▽

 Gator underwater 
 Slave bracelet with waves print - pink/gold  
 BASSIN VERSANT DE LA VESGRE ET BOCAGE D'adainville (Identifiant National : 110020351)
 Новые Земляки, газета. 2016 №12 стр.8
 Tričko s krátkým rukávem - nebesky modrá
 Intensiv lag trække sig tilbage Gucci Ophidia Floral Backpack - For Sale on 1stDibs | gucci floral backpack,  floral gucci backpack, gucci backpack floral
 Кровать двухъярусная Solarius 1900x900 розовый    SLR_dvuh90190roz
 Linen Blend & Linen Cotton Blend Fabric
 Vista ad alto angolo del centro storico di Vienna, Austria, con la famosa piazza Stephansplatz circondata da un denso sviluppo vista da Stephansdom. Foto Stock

△

What you need to do: Restate the records above exactly.

Response below:
 Gator underwater 
 Slave bracelet with waves print - pink/gold  
 BASSIN VERSANT DE LA VESGRE ET BOCAGE D'adainville (Identifiant National : 110020351)
 Новые Земляки, газета. 2016 №12 стр.8
 Tričko s krátkým rukávem - nebesky modrá
 Intensiv lag trække sig tilbage Gucci Ophidia Floral Backpack - For Sale on 1stDibs | gucci floral backpack,  floral gucci backpack, gucci backpack floral
 Кровать двухъярусная Solarius 1900x900 розовый    SLR_dvuh90190roz
 Linen Blend & Linen Cotton Blend Fabric
 Vista ad alto angolo del centro storico di Vienna, Austria, con la famosa piazza Stephansplatz circondata da un denso sviluppo vista da Stephansdom. Foto Stock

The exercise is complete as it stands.